The refresh token validity default value is 7776000 (90 days). If you need to change the refresh token validity value, ask your Snowflake account administrator to send a request to Snowflake Support.

Viewing OAuth Security Integration

To view the created integration, run the following command:

1
2
3
USE ROLE ACCOUNTADMIN;

DESC SECURITY INTEGRATION SKYVIA;

view integtration

See more information about Snowflake security integrations here.

Getting Client Id and Client Secret

To obtain the Client Secret and Client Id run the following command.

1
2
3
USE ROLE ACCOUNTADMIN;

SELECT system$show_oauth_client_secrets('SKYVIA');

Client Secrets

Creating OAuth Connection

To connect to Snowflake using the OAuth 2.0 create the OAuth Security Integration and perform the following steps:

Oauth Connection Editor

  1. Specify the Snowflake account domain.
  2. Enter Client Id.
  3. Enter Client Secret.
  4. Click Sign In with Snowflake and enter your credentials.
  5. Specify the name of the database you want to connect to.

Basic Authentication

To connect to Snowflake using basic authentication, specify the following required connection parameters:

Basic Authorization

  • Domain is a Snowflake account domain.
  • User is a user name to log in with.
  • Password is a password to log in with.
  • Database is a database name.

Key-pair Authentication

To connect to Snowflake using the key pair, enter your Snowflake domain, user name and specify the private key

Getting Credentials for Key-pair Authentication

To obtain the public-private key pair, perform the following steps:

  1. Generate a private key using OpenSSL tool.
  2. Generate the public key for your private key.
  3. Assign the public key to your Snowflake user.

Generating a Private Key

You can use an encrypted or unencrypted private key. To generate an unencrypted private key, run the following command.

1
openssl genrsa 2048 | openssl pkcs8 -topk8 -inform PEM -out <key_name> -nocrypt

To generate an encrypted private key, run the command below and set an encryption password, the passphrase that you need to provide while connecting to Snowflake using the key pair authentication.

1
openssl genrsa 2048 | openssl pkcs8 -topk8 -v2 des3 -inform PEM -out <key_name>

Replace the <key_name> placeholder values in the commands above with your own key name.

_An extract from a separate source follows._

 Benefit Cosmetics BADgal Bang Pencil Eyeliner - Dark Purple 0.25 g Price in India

The private key is generated in the PEM format.

1
2
3
-----BEGIN ENCRYPTED PRIVATE KEY-----
MIIFHDBOBgk...
----END ENCRYPTED PRIVATE KEY-----

Save the private key file in a secure location.

Generating a public key

To use key-pair authentication, generate a public key for the private key created earlier. To do that open a terminal window, and on the command line, run the following command.

1
openssl rsa -in <private_key_file> -pubout -out <public_key_file>

Replace the placeholder values in the command above with your own public key file name. If you are generating a public key for an encrypted private key, you will need to provide the encryption password used to create the private key. The public key is generated in the PEM format.

1
2
3
-----BEGIN PUBLIC KEY-----
MIIBIjANBgk...
-----END PUBLIC KEY-----

Save the public key file in a secure location.

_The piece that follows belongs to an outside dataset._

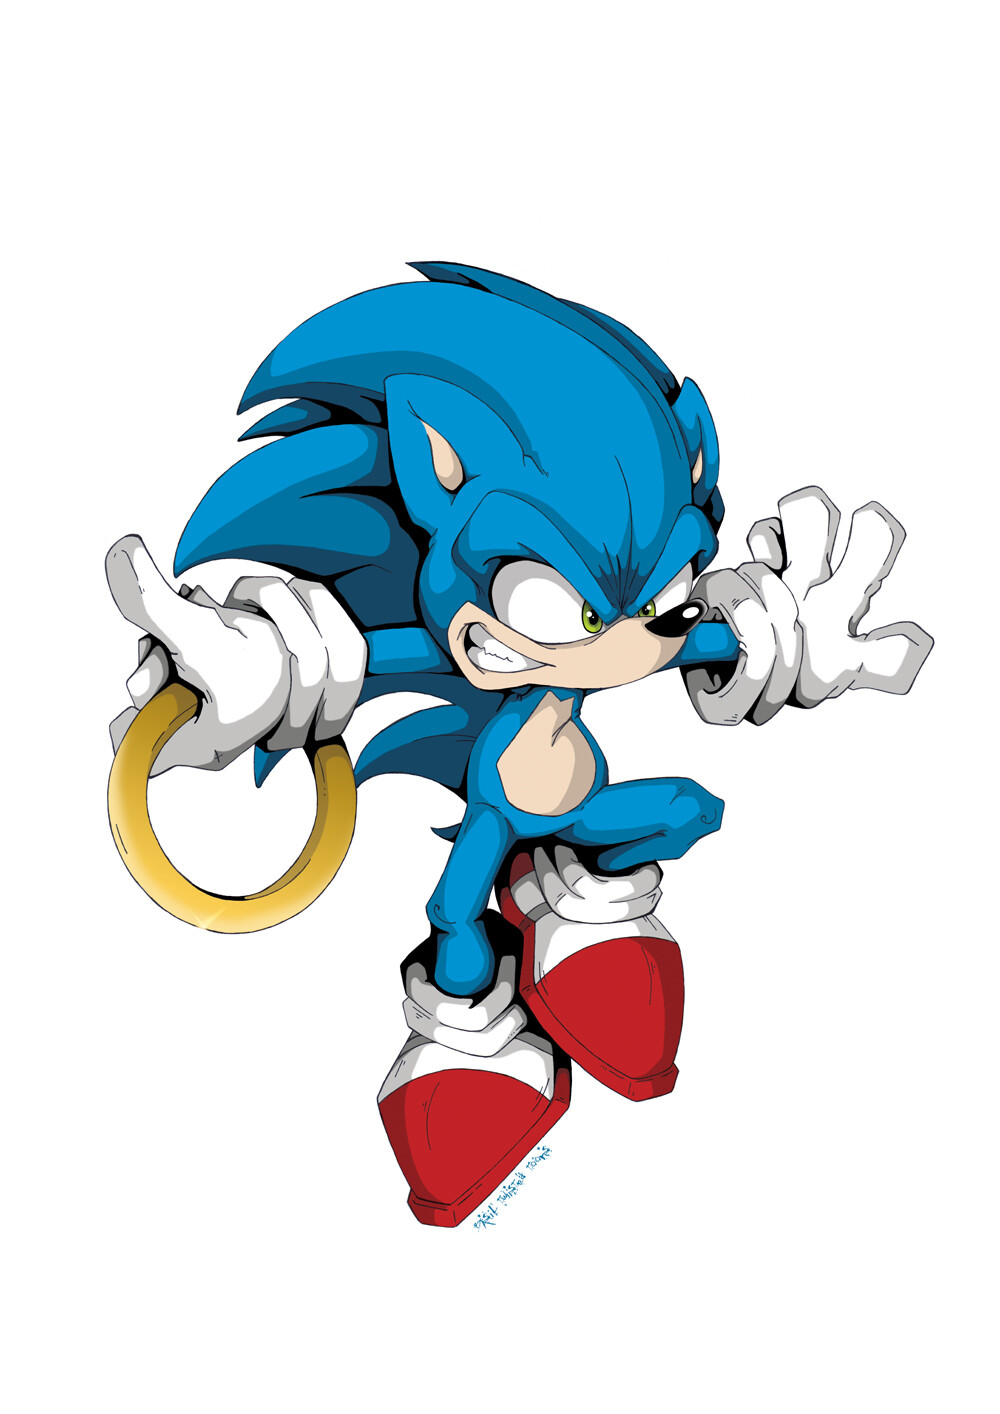 ArtStation - Sonic the Hedgehog cartoon

Associating Public Key with Snowflake User

To associate the created public key with the Snowflake user, go to Snowflake and run the following command.

1
ALTER USER <your_snowflake_user> SET RSA_PUBLIC_KEY='MIIBIjANBgk...';

Replace the <your_snowflake_user> placeholder with your user name values. Specify the public key value omitting the —–BEGIN PUBLIC KEY—– and —–END PUBLIC KEY—– comments.

Creating Key-pair Connection

To connect to Snowflake using the key-pair authentication, specify the following required connection parameters.

Key-pair connection

  • Domain is a Snowflake account domain.
  • User is a user name to log in with.
  • Private Key is an RSA private key. If you use the encrypted private key, also specify the Passphrase - the password for RSA encrypted private key.

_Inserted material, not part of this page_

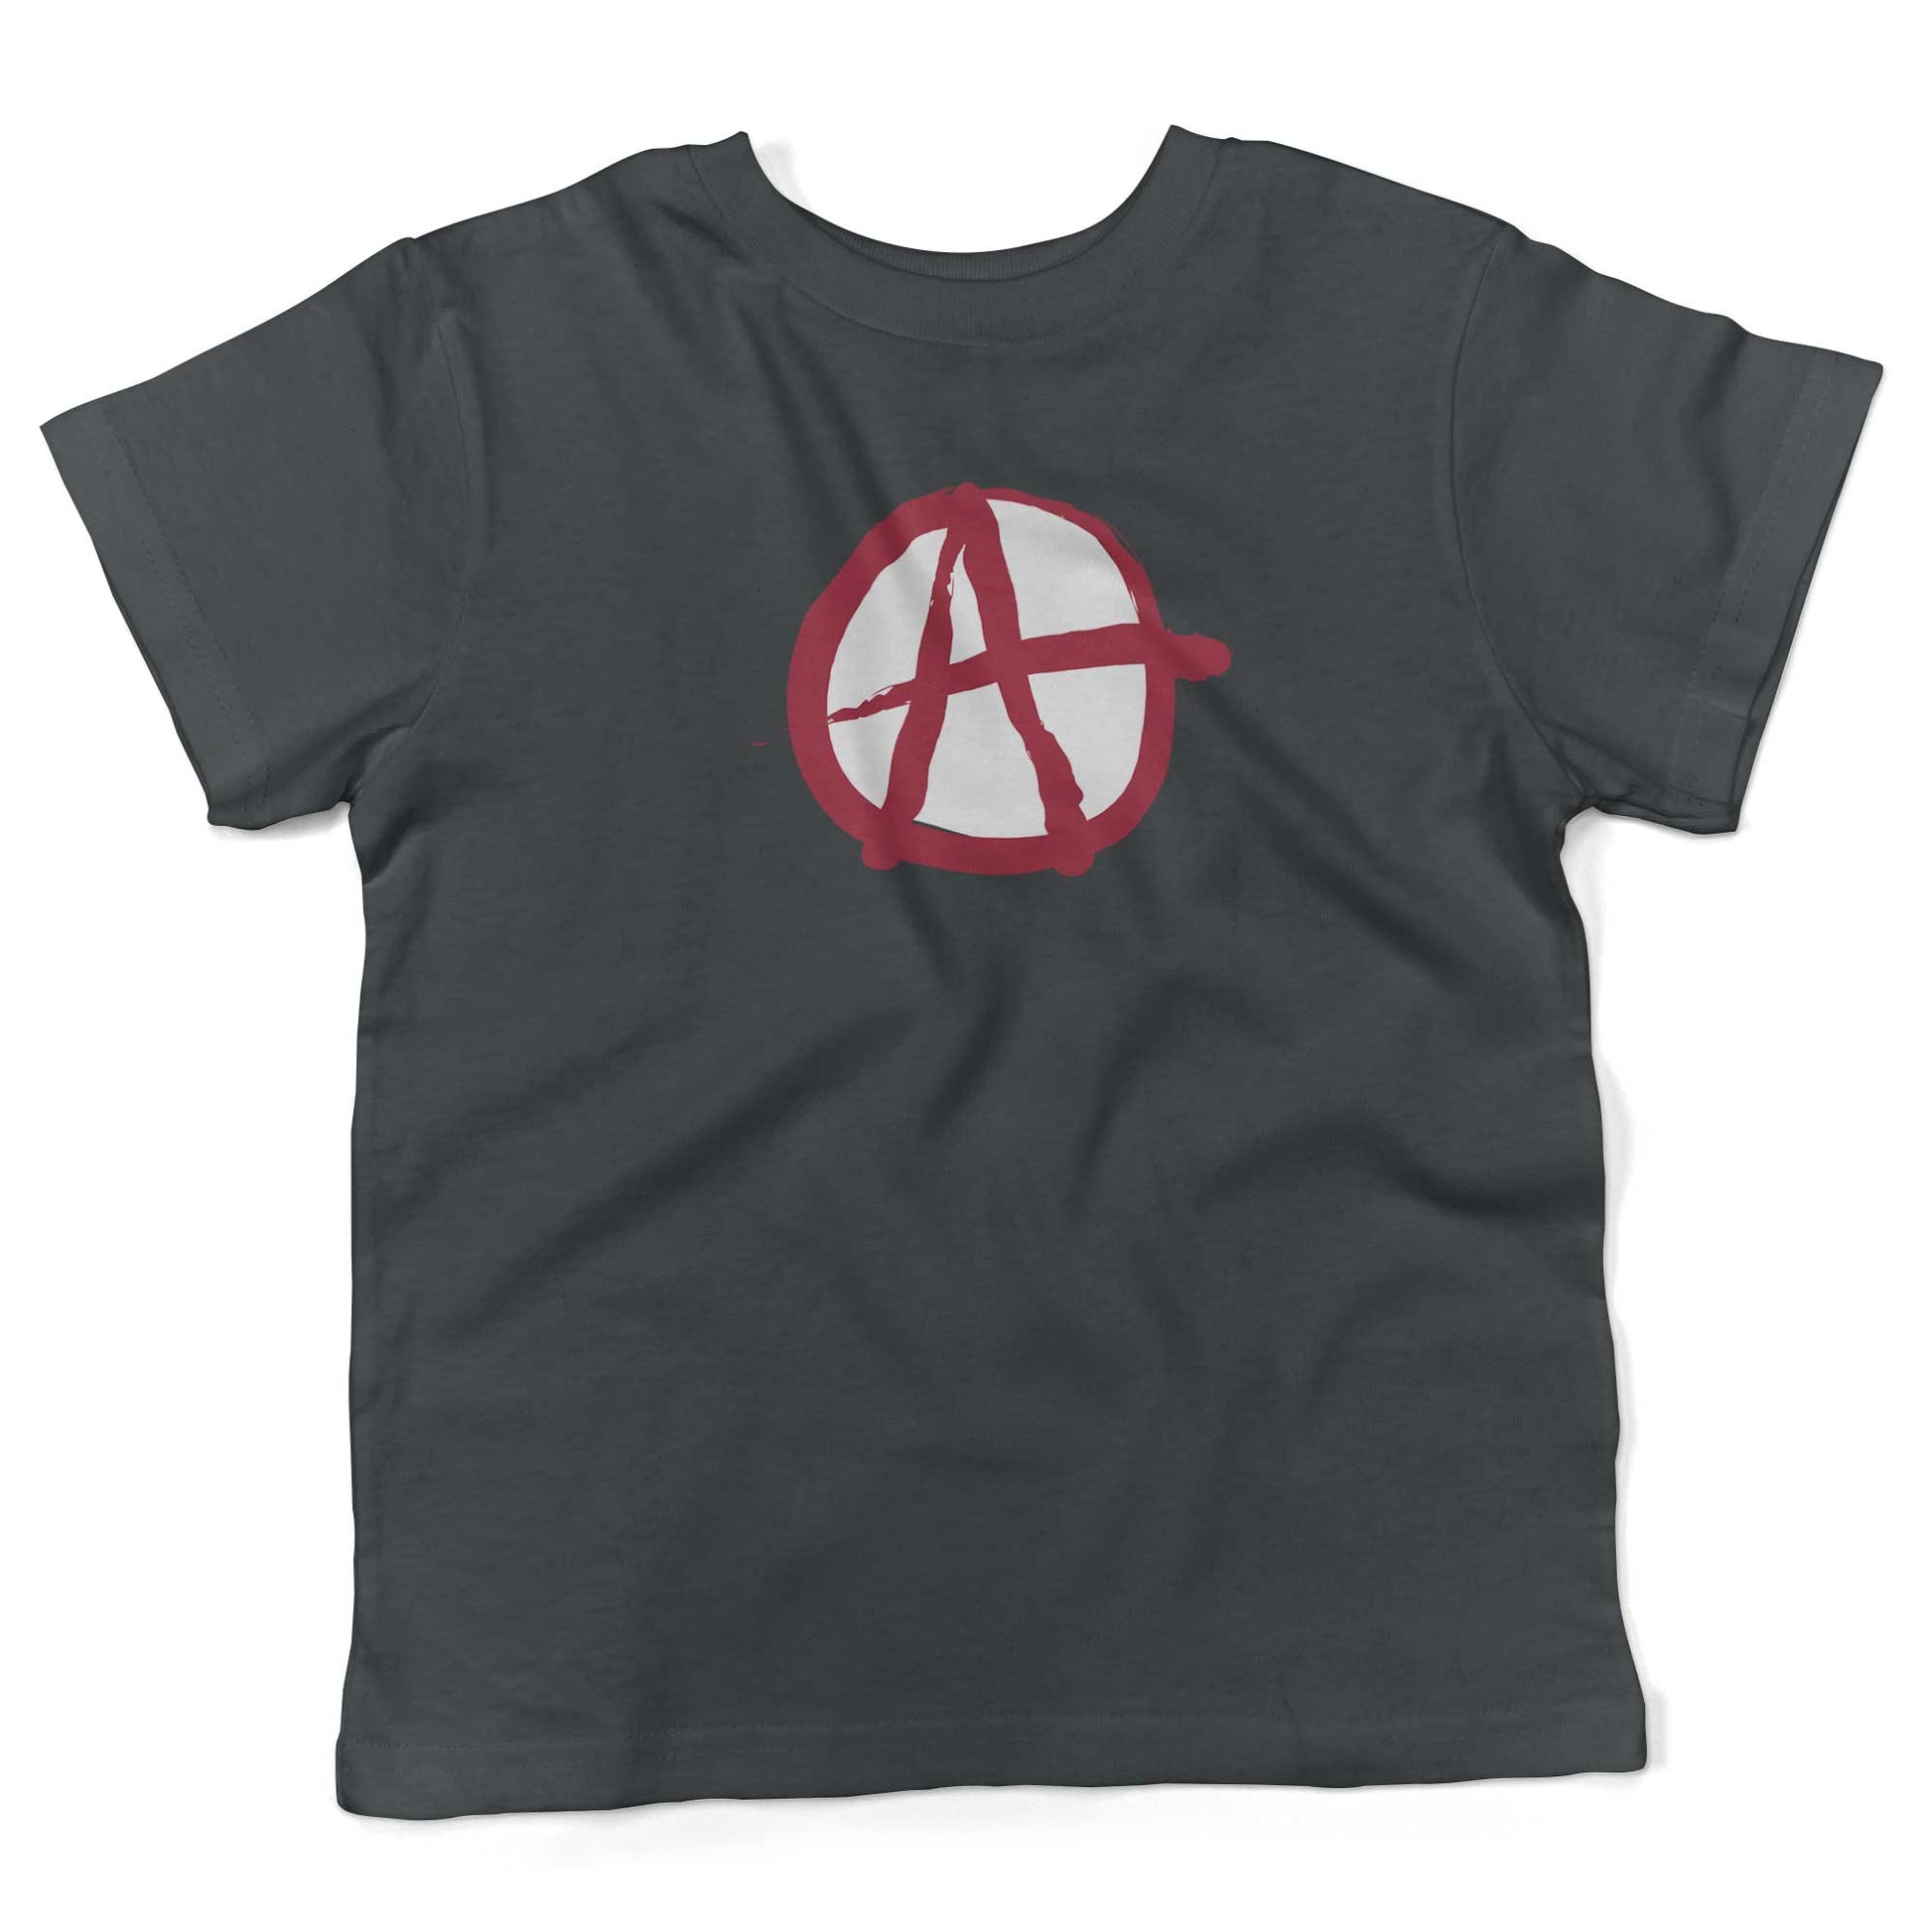 Anarchy Symbol Toddler Shirt-Asphalt-2T

Additional Connection Parameters

If you need to perform import or replication, you will also have to specify some additional parameters described below.

  • Schema is a current schema name in the database. Although this parameter is optional, you need to specify it when using replication or import in the Bulk Load mode.
  • Warehouse is a name of the warehouse used for a database.
  • Role is a role name used to connect.

Advanced Settings

  • Command Timeout — this parameter specifies the wait time before terminating an attempt to execute a command and generating an error. Note that it is the time to wait for any server reply since the command was sent to a server, and it doesn’t include the time necessary to fetch data if the command selects some data.
  • STRING(38) As Guid — this parameter specifies whether to interpret values in the columns of the STRING (38) type as Guid values.
  • Files Storage for Bulk — you need to specify an external temporary file storage service to perform replication or import in the Bulk Load mode in Snowflake. This parameter allows you to select such possible external file storage services as None, Amazon S3 and Azure. Depending on the selected storage service, you need to specify additional parameters, which are mandatory to connect to one or another storage service.
  • Use Bulk Import — this parameter appears when you select Amazon S3 or Azure as an external file storage. For bulk loading, it is necessary to specify an external service for storing temporary files. You can also disable bulk import by clearing the Use Bulk Import checkbox. This parameter affects only import integrations with the INSERT, UPDATE and DELETE operation and with Snowflake as a target.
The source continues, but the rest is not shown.